Paul Johnson

Personal information
- Born: 13 March 1988 (age 38) St Helens, Merseyside, England
- Height: 6 ft 0 in (1.83 m)
- Weight: 15 st 10 lb (100 kg)

Playing information
- Position: Second-row, Centre
Club
| Years | Team | Pld | T | G | FG | P |
| 2009–10 | St Helens | 2 | 0 | 0 | 0 | 0 |
| 2011–12 | Wakefield Trinity Wildcats | 47 | 6 | 0 | 0 | 24 |
| 2013 | Hull F.C. | 21 | 0 | 0 | 0 | 0 |
| 2014–15 | Widnes Vikings | 7 | 0 | 0 | 0 | 0 |
| 2015(loan) | → Whitehaven | 0 | 0 | 0 | 0 | 0 |
|  | Total | 77 | 6 | 0 | 0 | 24 |
- Source:

= Paul Johnson (rugby league, born 1988) =

English rugby league footballer (born 1988)

Paul Johnson (born 13 March 1988) is an English professional rugby league footballer. He previously played for the Widnes Vikings in the Super League. Signing for St. Helens from amateur side Blackbrook ARLFC, Johnson plays as either a or . He has international honours at amateur level, having featured for Great Britain Community Lions. He was named in his first 19-man squad ahead of the derby with Wigan Warriors on Friday 31 July 2009. He also made the 19 for the 21 August 2009 game against the Huddersfield Giants but again dropped out.

==Début season (2010)==
Johnson made his first grade début for St Helens in 2010's Super League XV, coming off the bench to play in a 30–22 win at home to the Huddersfield Giants.

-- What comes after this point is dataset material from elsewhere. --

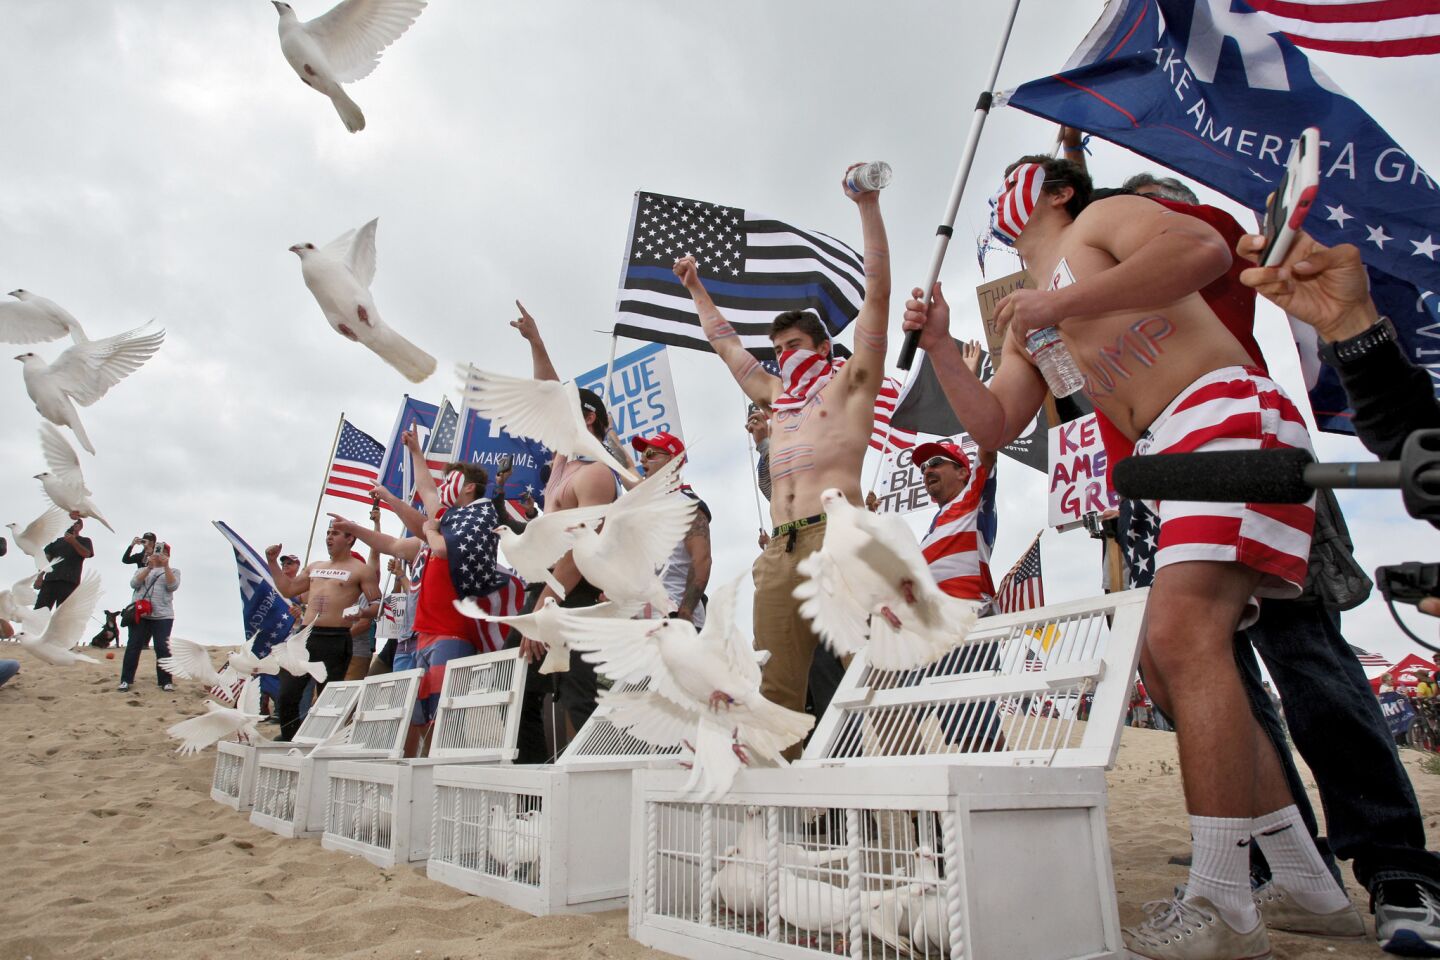 Doves are released at the start of the Make America Great Again March at Bolsa Chica State Beach in Huntington Beach on Saturday.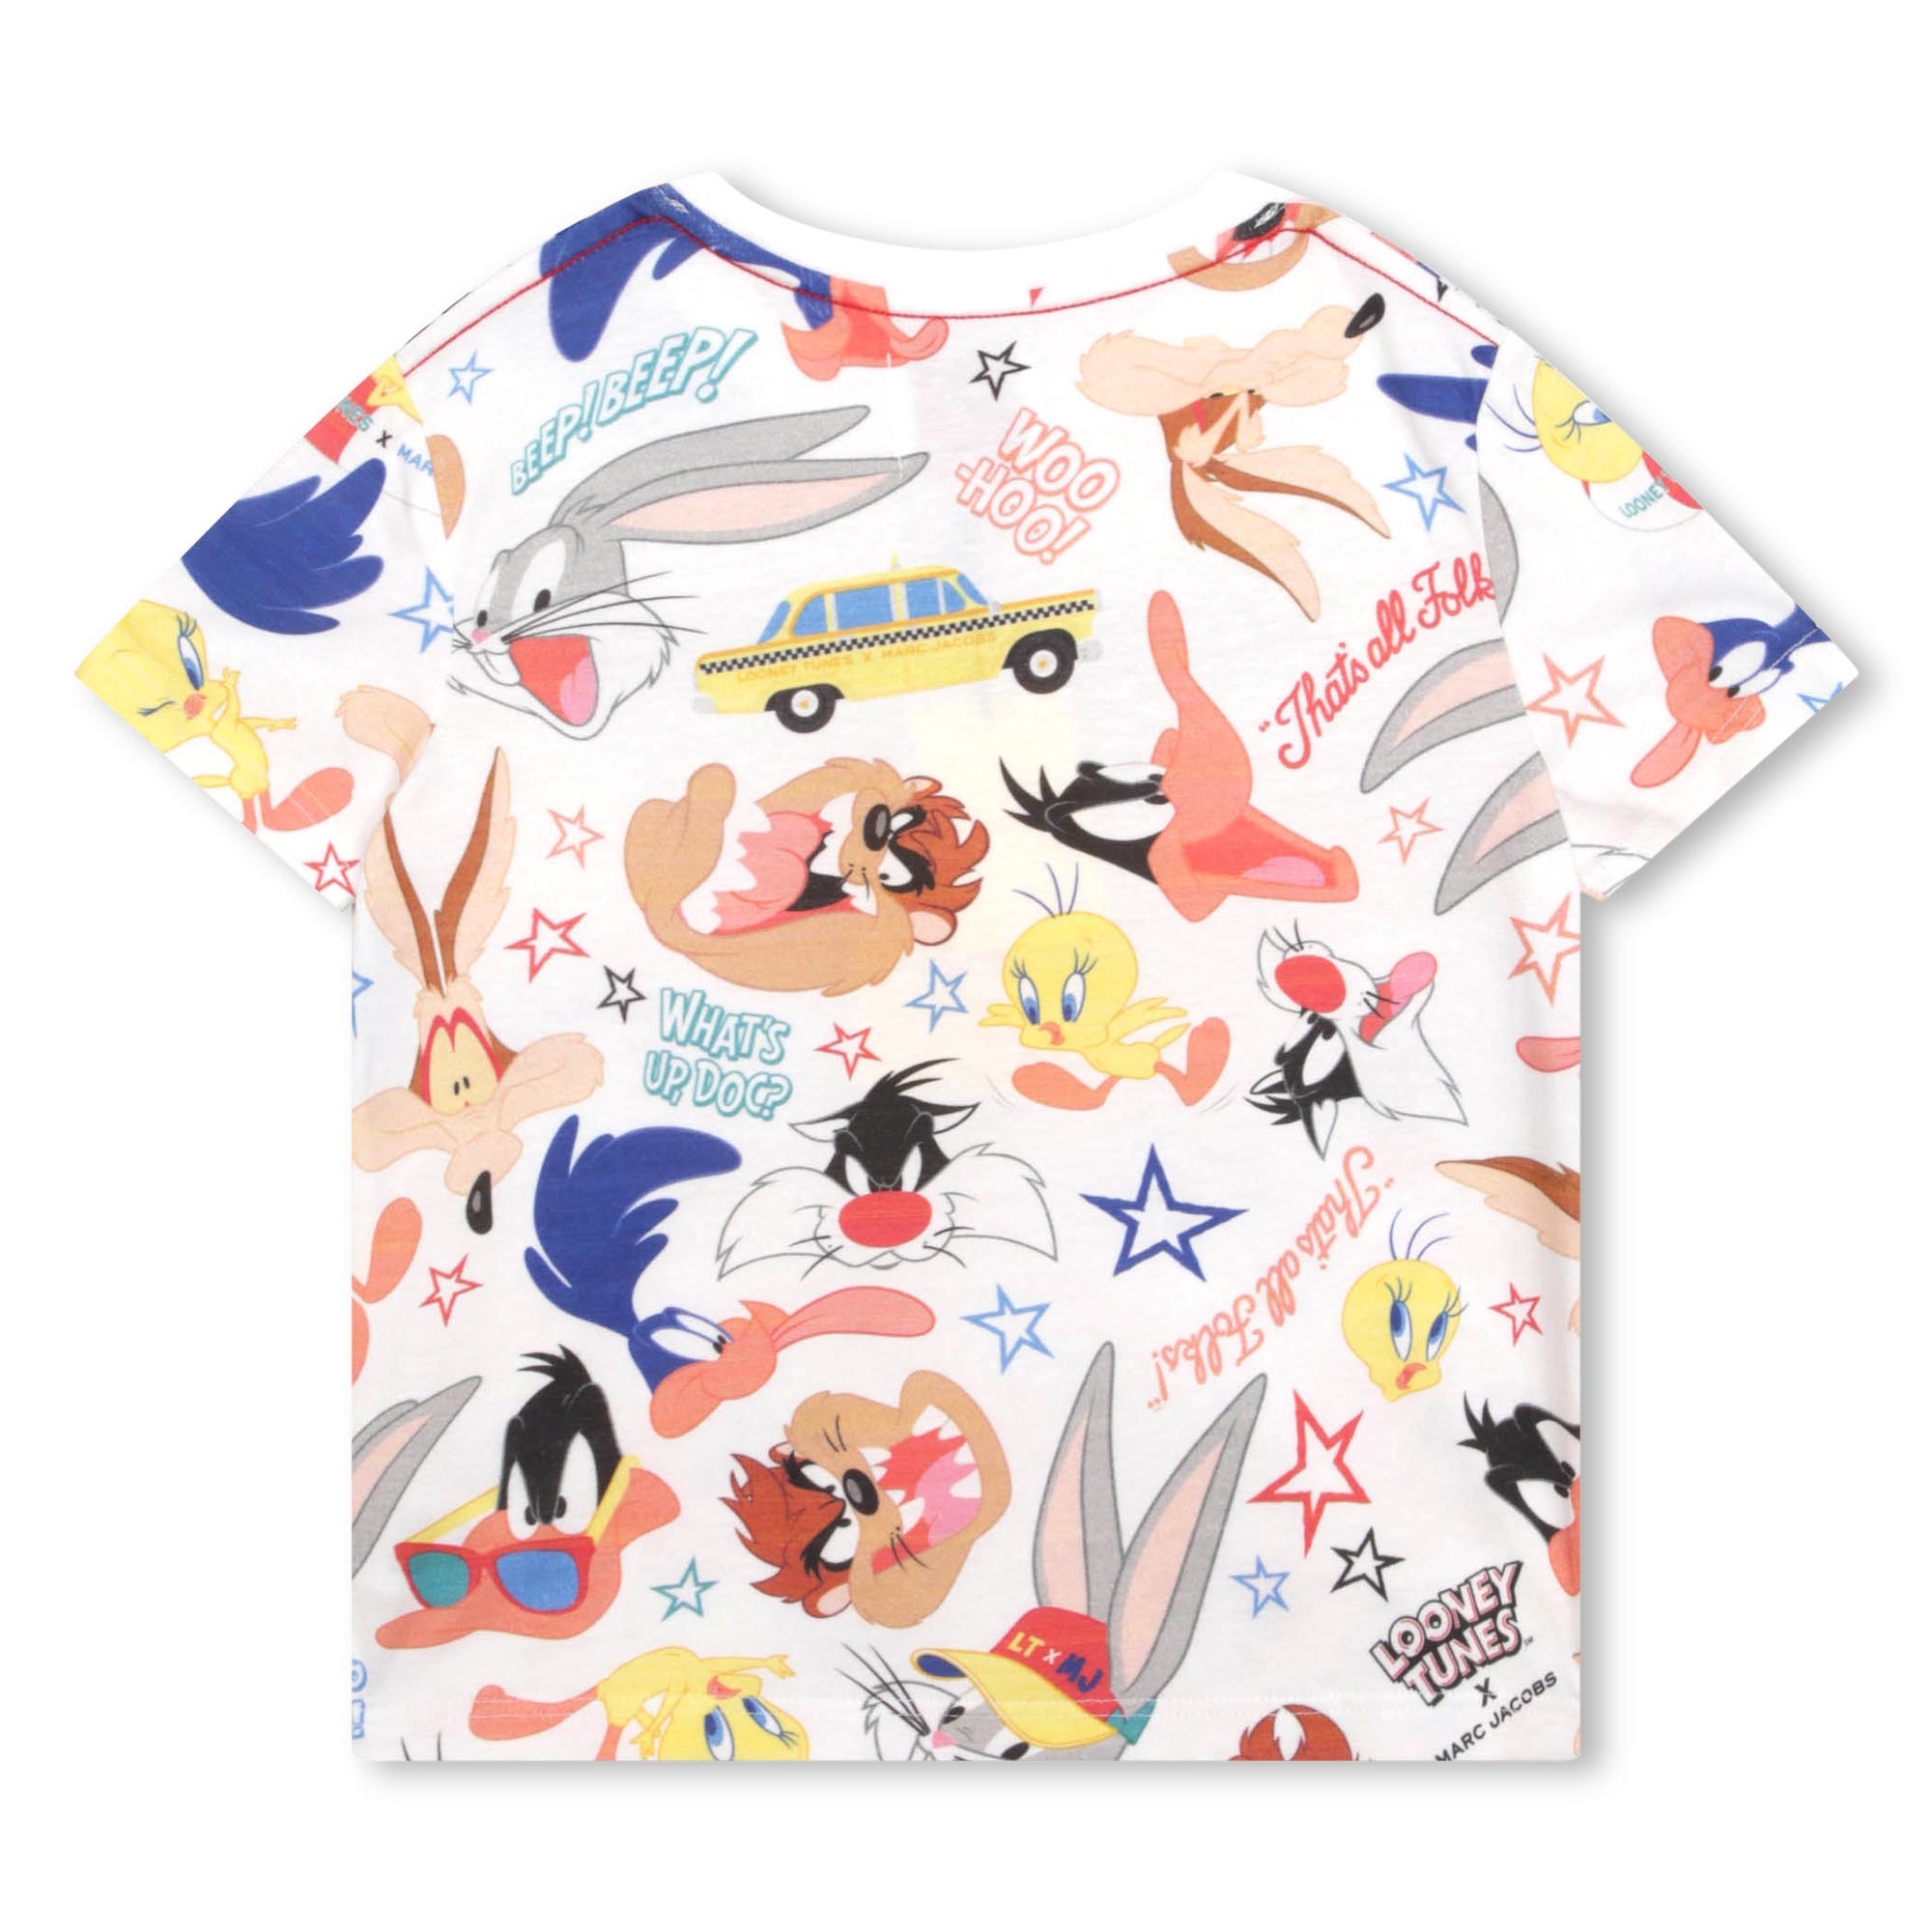 T-shirt with all-over print MARC JACOBS for UNISEX

==Move to Wakefield Trinity Wildcats==
It was announced that Johnson's first year with Saints would be his last, as he secured a two-year contract at Wakefield Trinity Wildcats. He has been allocated the shirt number 17. Johnson made his début in the Festive Trophy on New Years Day, when Wakefield Trinity Wildcats lost 22–40 to Leeds Rhinos. He was awarded the Man of The Match Award in this game, for his excellent contribution going forward.

==Widnes Vikings==
On 7 October 2013, it was announced that Johnson would be signing for the Widnes Vikings on a one-year contract after securing an early release from Hull FC. On 22 April 2014, Johnson extended his Widnes contract to the end of 2016. On 11 February 2015 Johnson and fellow Vikings teammate Grant Gore was loaned to Whitehaven on a one-month deal.